However, I'm trying to use the XmlReader object to read each Account and subsequently the "StatementsAvailable". Do you suggest using XmlReader.Read and check each element and handle it?

I've thought of seperating my classes to handle each node properly. So theres an AccountBase class that accepts a XmlReader instance that reads the NameOfKin and several other properties about the account. Then I was wanting to interate through the Statements and let another class fill itself out about the Statement (and subsequently add it to an IList).

Thus far I have the "per class" part done by doing XmlReader.ReadElementString() but I can't workout how to tell the pointer to move to the StatementsAvailable element and let me iterate through them and let another class read each of those proeprties.

Sounds easy!

A: 

For sub-objects, ReadSubtree() gives you an xml-reader limited to the sub-objects, but I really think that you are doing this the hard way. Unless you have very specific requirements for handling unusual / unpredicatable xml, use XmlSerializer (perhaps coupled with sgen.exe if you really want).

XmlReader is... tricky. Contrast to:

using System;
using System.Collections.Generic;
using System.Xml.Serialization;
public class ApplicationPool {
    private readonly List<Account> accounts = new List<Account>();
    public List<Account> Accounts {get{return accounts;}}
}
public class Account {
    public string NameOfKin {get;set;}
    private readonly List<Statement> statements = new List<Statement>();
    public List<Statement> StatementsAvailable {get{return statements;}}
}
public class Statement {}
static class Program {
    static void Main() {
        XmlSerializer ser = new XmlSerializer(typeof(ApplicationPool));
        ser.Serialize(Console.Out, new ApplicationPool {
            Accounts = { new Account { NameOfKin = "Fred",
                StatementsAvailable = { new Statement {}, new Statement {}}}}
        });
    }
}
Marc Gravell
+8  A: 

My experience of XmlReader is that it's very easy to accidentally read too much. I know you've said you want to read it as quickly as possible, but have you tried using a DOM model instead? I've found that LINQ to XML makes XML work much much easier.

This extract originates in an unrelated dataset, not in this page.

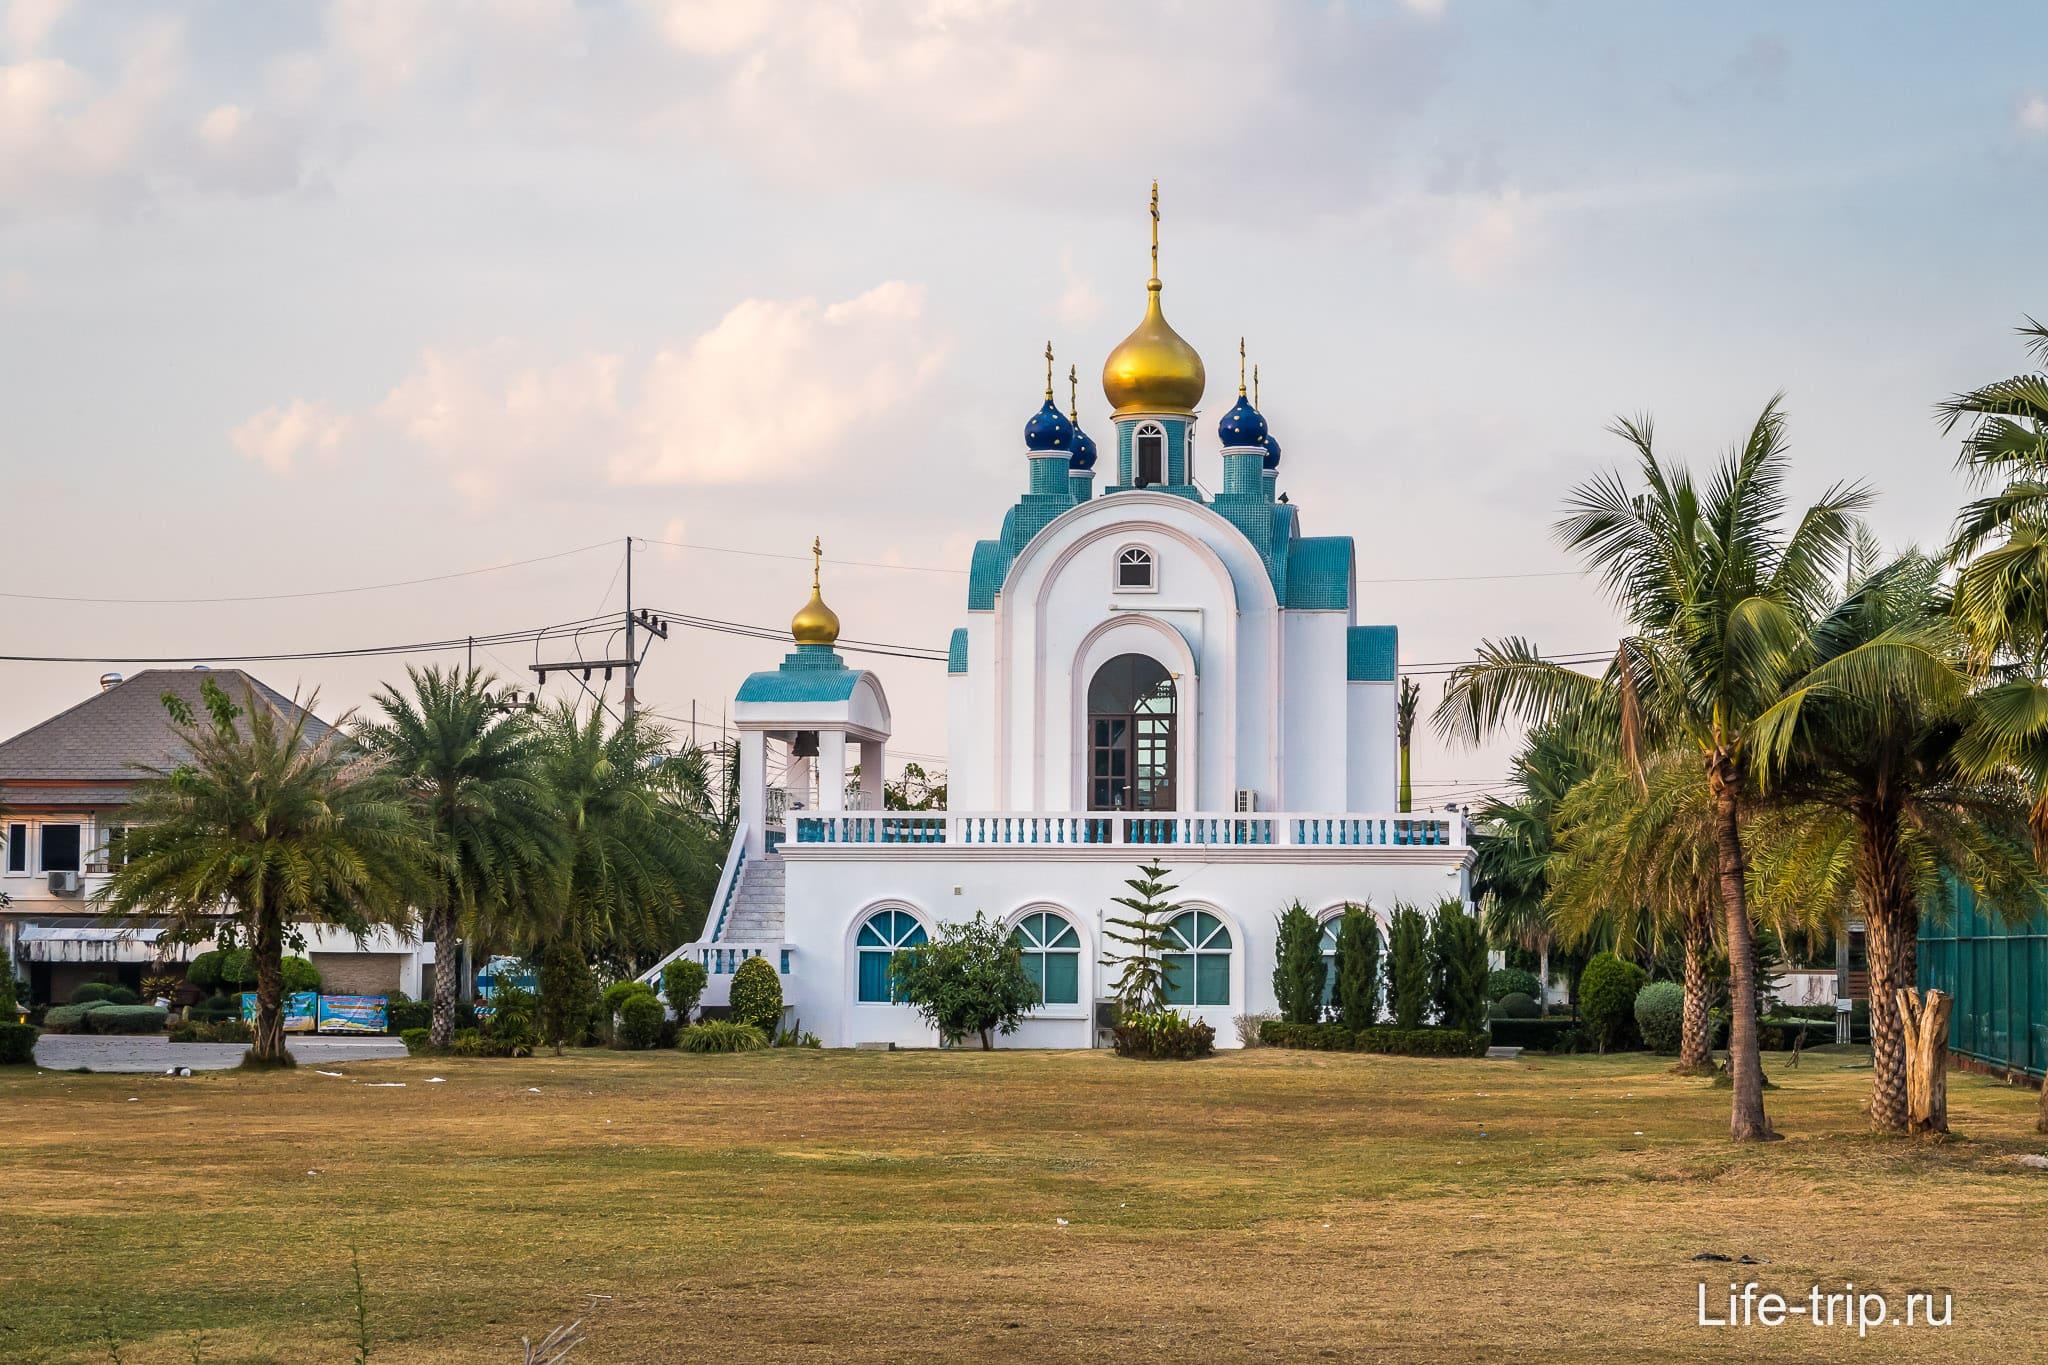 Православный Храм Покрова Пресвятой Богородицы

If your document is particularly huge, you can combine XmlReader and LINQ to XML by creating an XElement from an XmlReader for each of your "outer" elements in a streaming manner: this lets you do most of the conversion work in LINQ to XML, but still only need a small portion of the document in memory at any one time. Here's some sample code (adapted slightly from this blog post):

static IEnumerable<XElement> SimpleStreamAxis(string inputUrl,
                                              string elementName)
{
  using (XmlReader reader = XmlReader.Create(inputUrl))
  {
    reader.MoveToContent();
    while (reader.Read())
    {
      if (reader.NodeType == XmlNodeType.Element)
      {
        if (reader.Name == elementName)
        {
          XElement el = XNode.ReadFrom(reader) as XElement;
          if (el != null)
          {
            yield return el;
          }
        }
      }
    }
  }
}

I've used this to convert the StackOverflow user data (which is enormous) into another format before - it works very well.

Jon Skeet
A: 

We do this kind of XML parsing all the time. The key is defining where the parsing method will leave the reader on exit. If you always leave the reader on the next element following the element that was first read then you can safely and predictably read in the XML stream. So if the reader is currently indexing the <Account> element, after parsing the reader will index the </Accounts> closing tag.

The parsing code looks something like this:

public class Account
{
    string _accountId;
    string _nameOfKin;
    Statements _statmentsAvailable;

    public void ReadFromXml( XmlReader reader )
    {
        reader.MovToContent();

        // Read node attributes
        _accountId = reader.GetAttribute( "accountId" );
        ...

        if( reader.IsEmptyElement ) { reader.Read(); return; }

        reader.Read();
        while( ! reader.EOF )
        {
            if( reader.IsStartElement() )
            {
                switch( reader.Name )
                {
                    // Read element for a property of this class
                    case "NameOfKin":
                        _nameOfKin = reader.ReadElementContentAsString();
                        break;

                    // Starting sub-list
                case "StatementsAvailable":
                    _statementsAvailable = new Statements();
                    _statementsAvailable.Read( reader );
                    break;

                    default:
                        reader.Skip();
                }
            }
            else
            {
                reader.Read();
                break;
            }
        }       
    }
}

The Statements class just reads in the <StatementsAvailable> node

public class Statements
{
    List<Statement> _statements = new List<Statement>();

    public void ReadFromXml( XmlReader reader )
    {
        reader.MoveToContent();
        if( reader.IsEmptyElement ) { reader.Read(); return; }

        reader.Read();
        while( ! reader.EOF )
        {
            if( reader.IsStartElement() )
            {
                if( reader.Name == "Statement" )
                {
                    var statement = new Statement();
                    statement.ReadFromXml( reader );
                    _statements.Add( statement );               
                }
                else
                {
                    reader.Skip();
                }
            }
            else
            {
                reader.Read();
                break;
            }
        }
    }
}

The Statement class would look very much the same

public class Statement
{
    string _satementId;

    public void ReadFromXml( XmlReader reader )
    {
        reader.MovToContent();

        // Read noe attributes
        _statementId = reader.GetAttribute( "statementId" );
        ...

        if( reader.IsEmptyElement ) { reader.Read(); return; }

        reader.Read();
        while( ! reader.EOF )
        {           
            ....same basic loop
        }       
    }
}
Paul Alexander